Co-trimoxazole Therapy – One Step Closer towards Better AIDS Treatment
AIDS (Acquired Immunodeficiency Syndrome) – who does not want its cure? The worldwide consensus is to achieve it for the improvement of human health. Scientists have been trying since long to acquire this. Have they been successful? Yes, but how far? Let’s find it out.
AIDS is considered as one of the deadliest diseases. Being a viral infection, it was first discovered in 1981 and is now progressing rapidly, adding to the worldwide mortality. Antiretroviral therapy (ART) is directed against it, which has shown promising results in recent years. World Health Organization (WHO) guidelines indicate the use of ART in people having CD4 T-cell count less than 500/µl (especially in those having it below 350/µl) or in those who are symptomatic regardless of CD4 count. (1)
United States has also extended these guidelines for those people who have been diagnosed positive for Human Immunodeficiency Virus (HIV) regardless of CD4 count or symptoms. (2) This, along with treating opportunistic infections that develop as a part and parcel of AIDS, help in decreasing mortality due to HIV and improving health care. But there has been a breakthrough in the treatment regimen for AIDs recently.

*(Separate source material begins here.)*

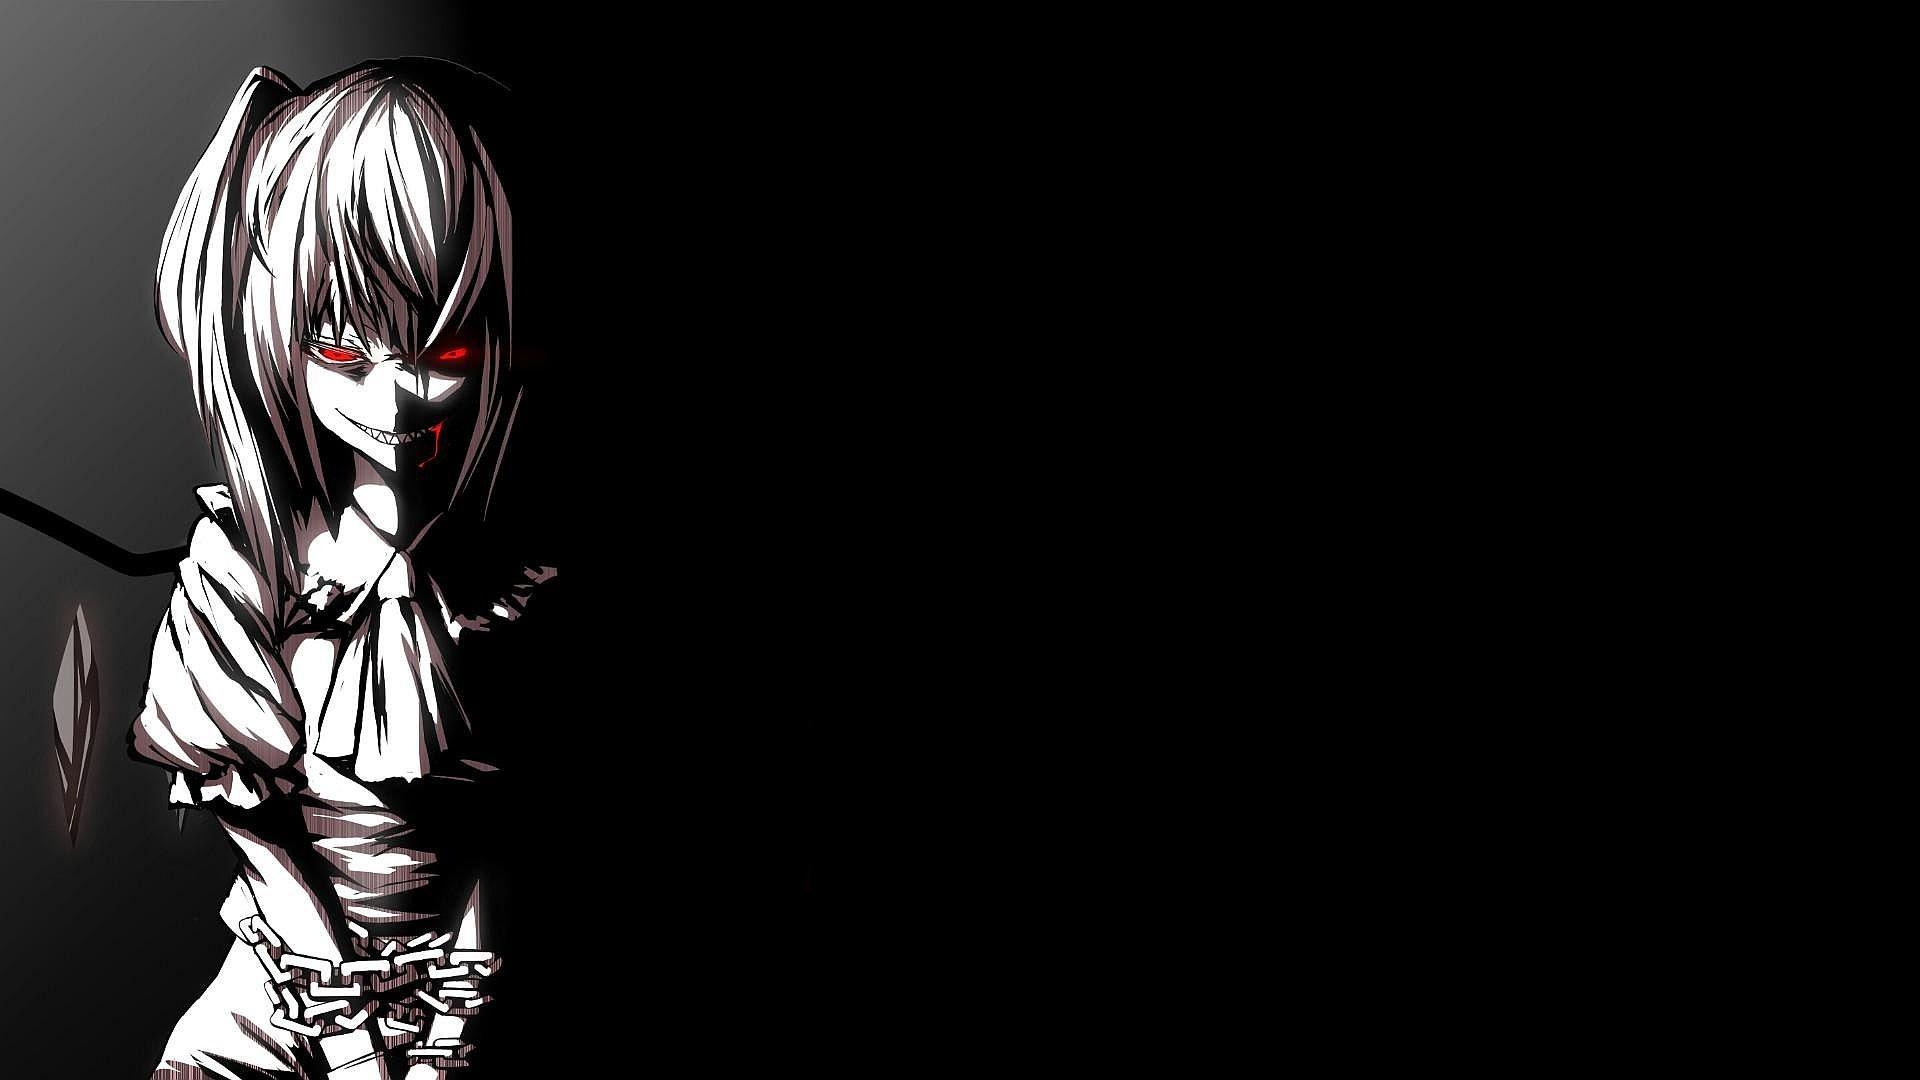 wallpaper for desktop, laptop  bf23-horror-scary-face-dark-anime-eye-art

Scientists have discovered that co-trimoxazole prophylaxis for more than 96 weeks of ART helps in reducing the disease burden.
Co-trimoxazole is an antibiotic consisting of 1 part trimethoprime with 5 parts of sulfamethoxazole and has bactericidal action. A study very recently published in New England Journal of Medicine demonstrated the effect of co-trimoxazole after 96 weeks’ treatment of ART in reducing mortality in HIV patients. It was conducted in sub-Saharan Africa (Uganda and Zimbabwe) which is the most endemic area of AIDS with 69% of the global HIV infected patients living here. Women account for about 60% of the cases here.
The study was directed to compare the effects of prophylactic co-trimoxazole in HIV infected patients in a randomized trial in two groups, one in which patients continued having prophylaxis treatment with the forth mentioned drug and another group in which the prophylaxis treatment was stopped. The study showed that in contrast with the patients who continued with co-trimoxazole therapy, those who had abandoned it had more frequent hospitalizations mainly due to malaria and other infections including pneumonia, sepsis, diarrhea and meningitis and an increased death rate. Parasitemia was also higher in this group. Adverse events like anemia also occurred more.
But on the other hand, co-trimoxazole prophylaxis continued group was more fortunate in maintaining better health with an increase in the hemoglobin formation and CD4 T-cell count. However, the other group showed a more rapid increase in white blood cell count (WBC) and neutrophils, but a slower increase in CD4 count. Neutrophils and WBC count rose very slowly in the prophylaxis continuing group, probably due to myelosuppressive effects of the prophylactic drug. One disadvantage in the group continuing with prophylaxis was however, more cases of tuberculosis. The efficacy of co-trimoxazole remained unaltered for age, sex, health center or country and was maximum for patients having CD4 T-cell count 30% or more. (33)
Overall, co-trimoxazole proved to be a promising drug in reducing HIV induced mortality and also helps to improve the quality of life of such patients. Its long trial has been successful and we can anticipate its use for treatment of HIV soon in future. AIDS is a deadly disease which in spite of having promising treatment, is still considered absolutely fatal by common man.
The severe deteriorating condition, opportunistic infections, long term medications and their adverse effects are all disliked by the patient. AIDS also brings about with it psychological trauma for the patient and the closed ones alike. A new discovery in the treatment plan of AIDS will therefore be very much welcomed with high hopes.
1. Consolidated guidelines on the use of antiretroviral drugs for treating and preventing HIV infection. World Health Organization. 2013. pp. 28–30.
2. Guidelines for the Use of Antiretroviral Agents in HIV-1-Infected Adults and Adolescents. Department of Health and Human Services. Feb 12, 2013. p. i. Retrieved 3 January 2014.
3. Bwakura-Dangarembizi M, Kendall L, Bakeera-Kitaka S, Nahirya-Ntege P, Keishanyu R, Nathoo K, Spyer MJ, Kekitiinwa A, Lutaakome J, Mhute T, Kasirye P, Munderi P, Musiime V, Gibb DM, Walker AS, Prendergast AJ; Antiretroviral Research for Watoto (ARROW) Trial Team. A randomized trial of prolonged co-trimoxazole in HIV-infected children in Africa. N Engl J Med. 2014 Jan 2;370(1):41-53.